● Given data

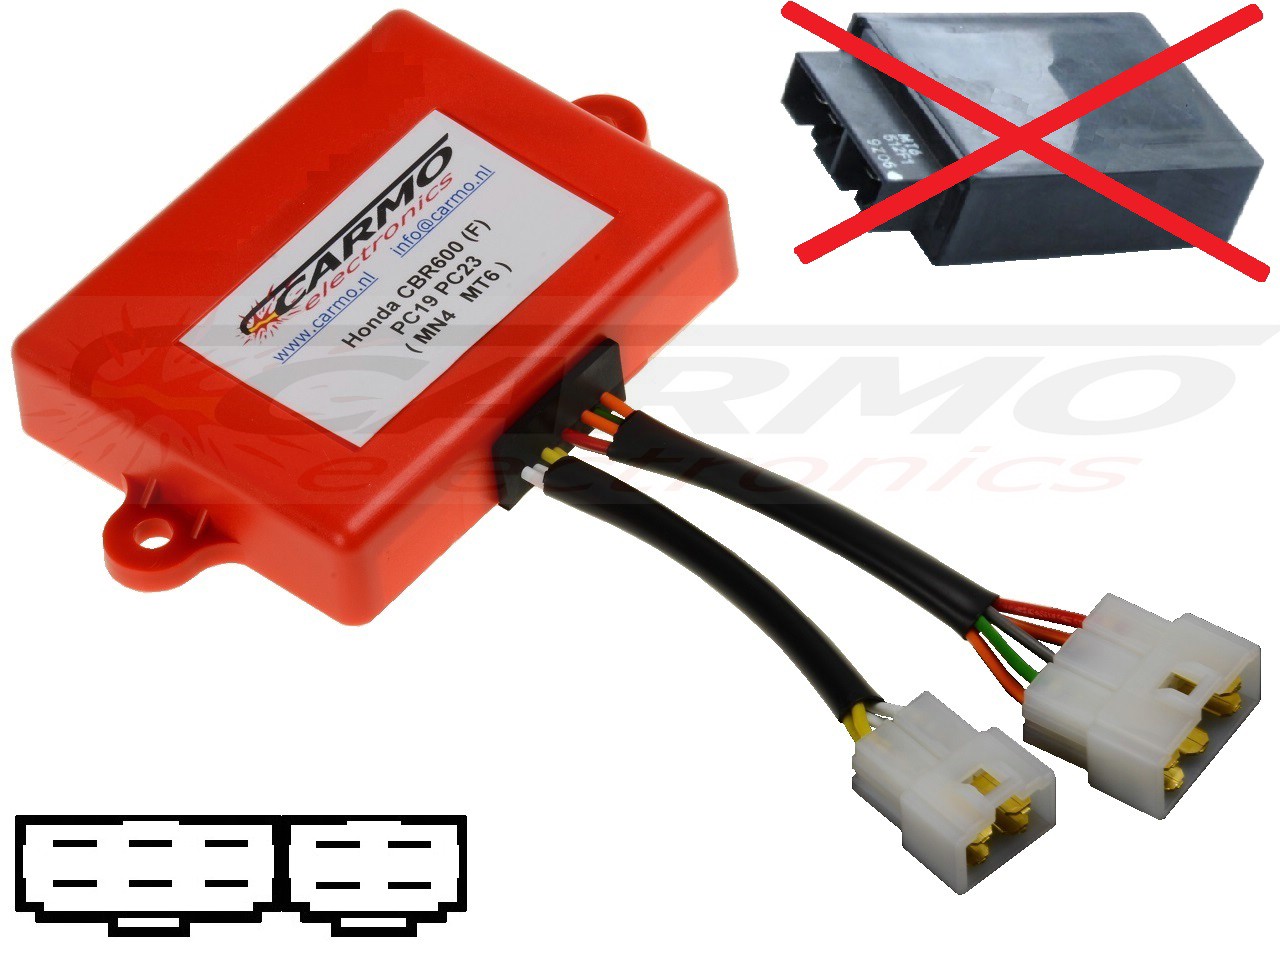 Honda CBR600 igniter ignition module CDI TCI Box (MN4, MT6) - Clique na Imagem para Fechar
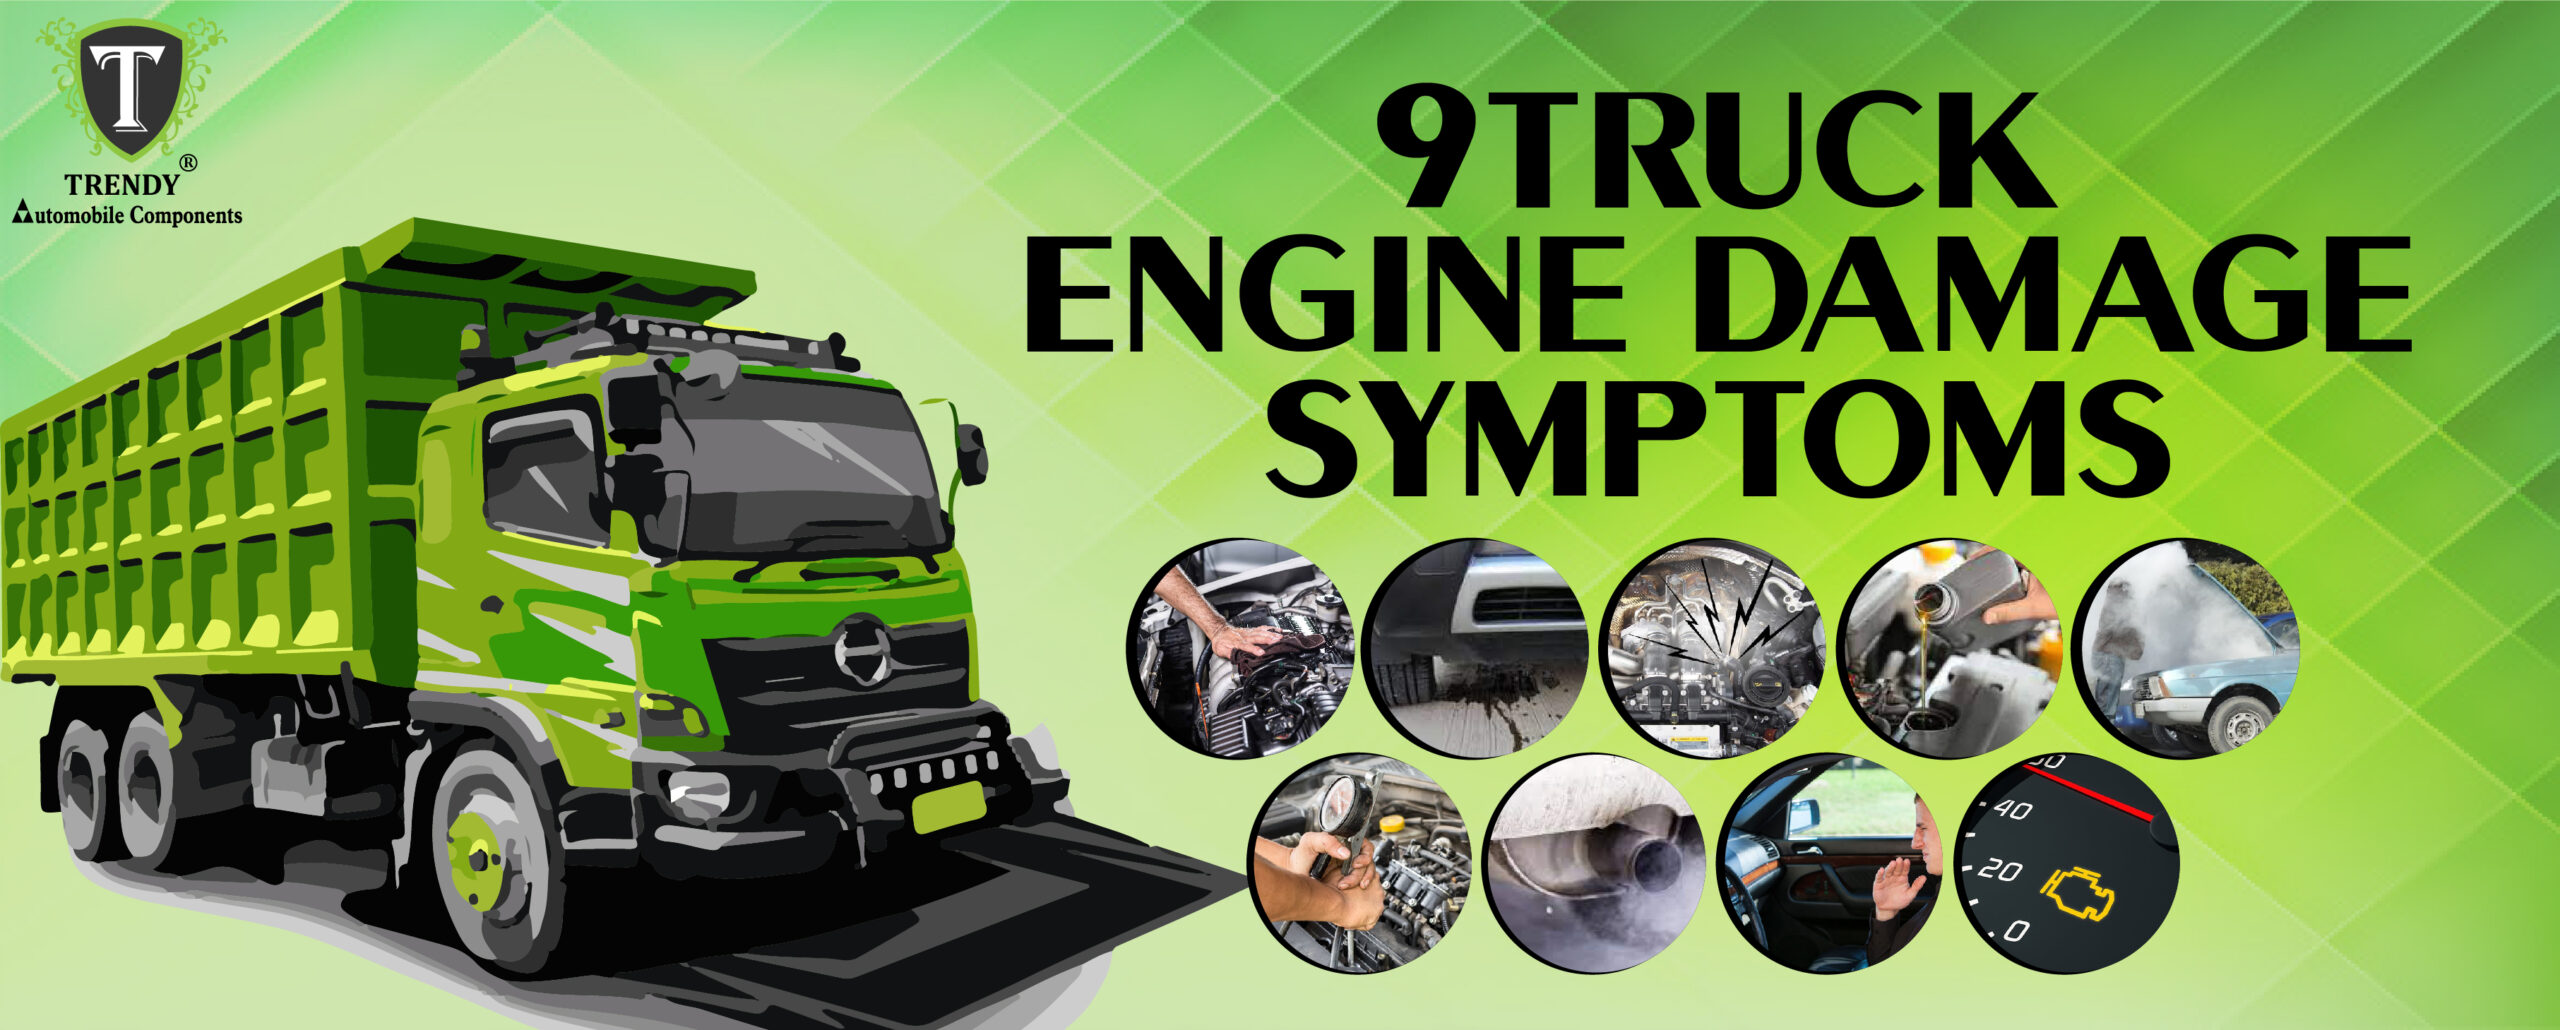 9-Truck-Engine-Damage-Symptoms-scaled
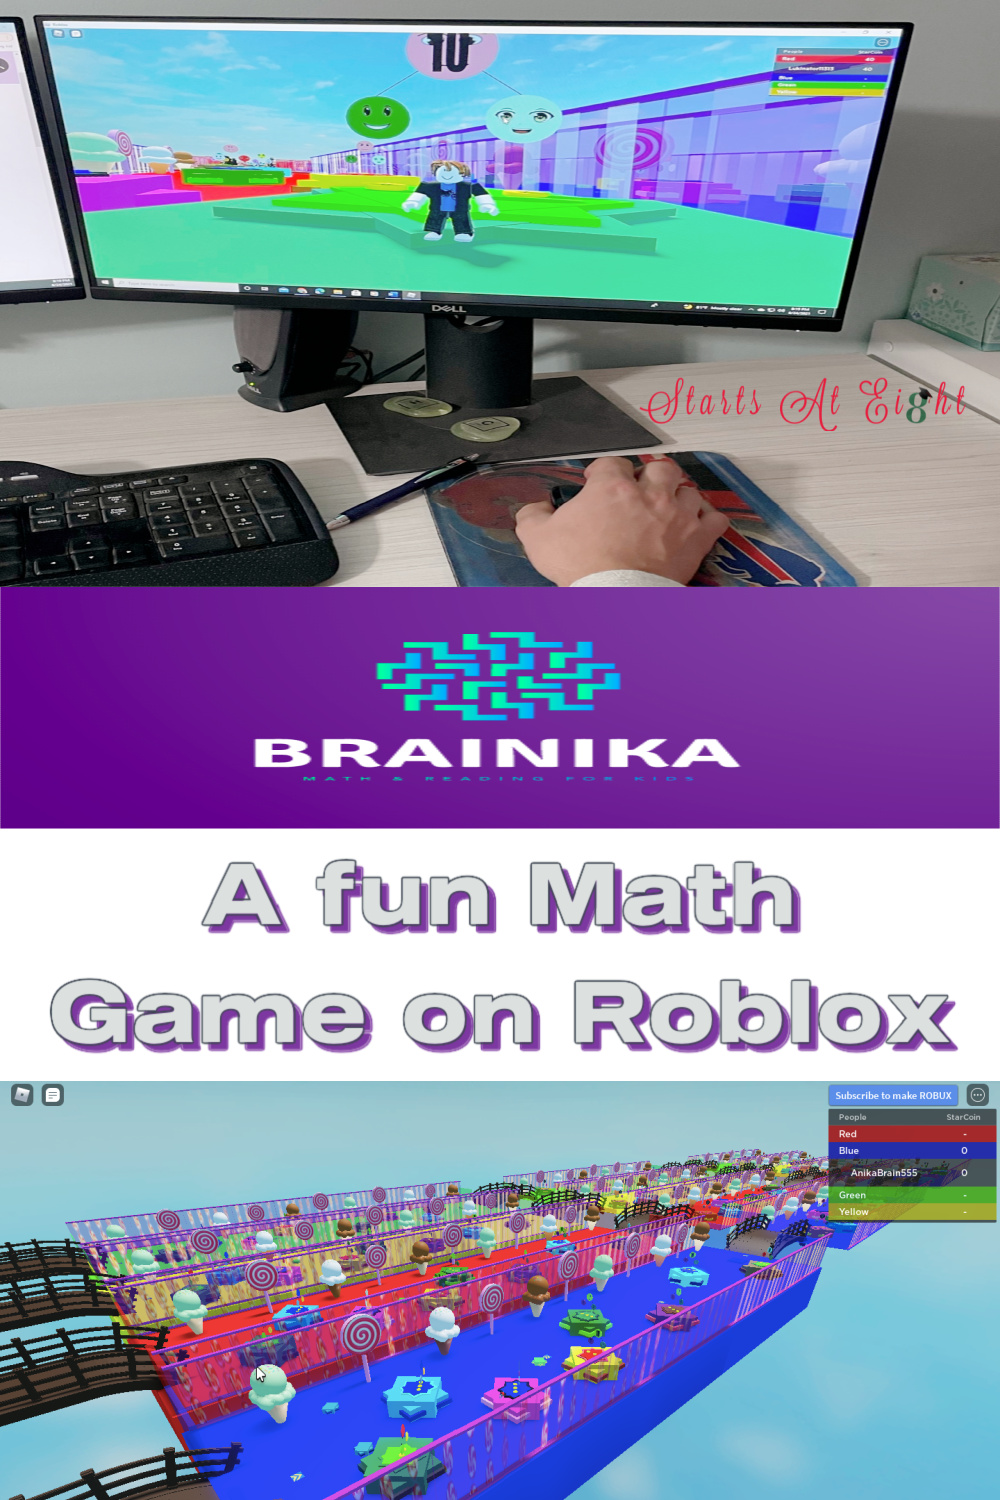 Super Fun Math Games for Kids by Brainika on Roblox
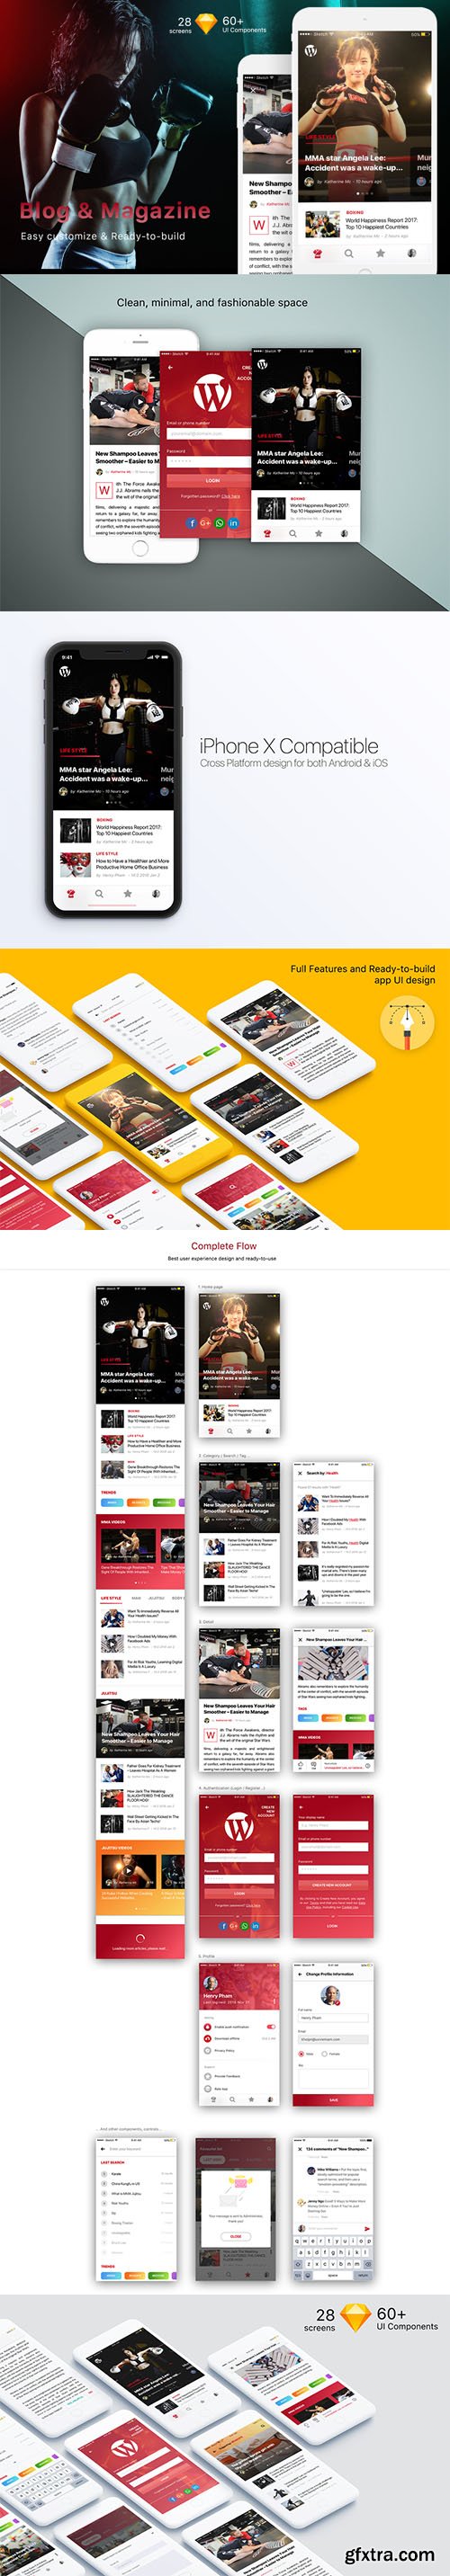 MB Blog & Magazine - Cross Platform design for Newspaper, Blog & Magazine Mobile Designs

● Task details
What this calls for is the material above set down exactly, pictures excluded.

● Written answer
 Honda CBR600 igniter ignition module CDI TCI Box (MN4, MT6) - Clique na Imagem para Fechar
 9-Truck-Engine-Damage-Symptoms-scaled
 Super Fun Math Games for Kids by Brainika on Roblox
 MB Blog & Magazine - Cross Platform design for Newspaper, Blog & Magazine Mobile Designs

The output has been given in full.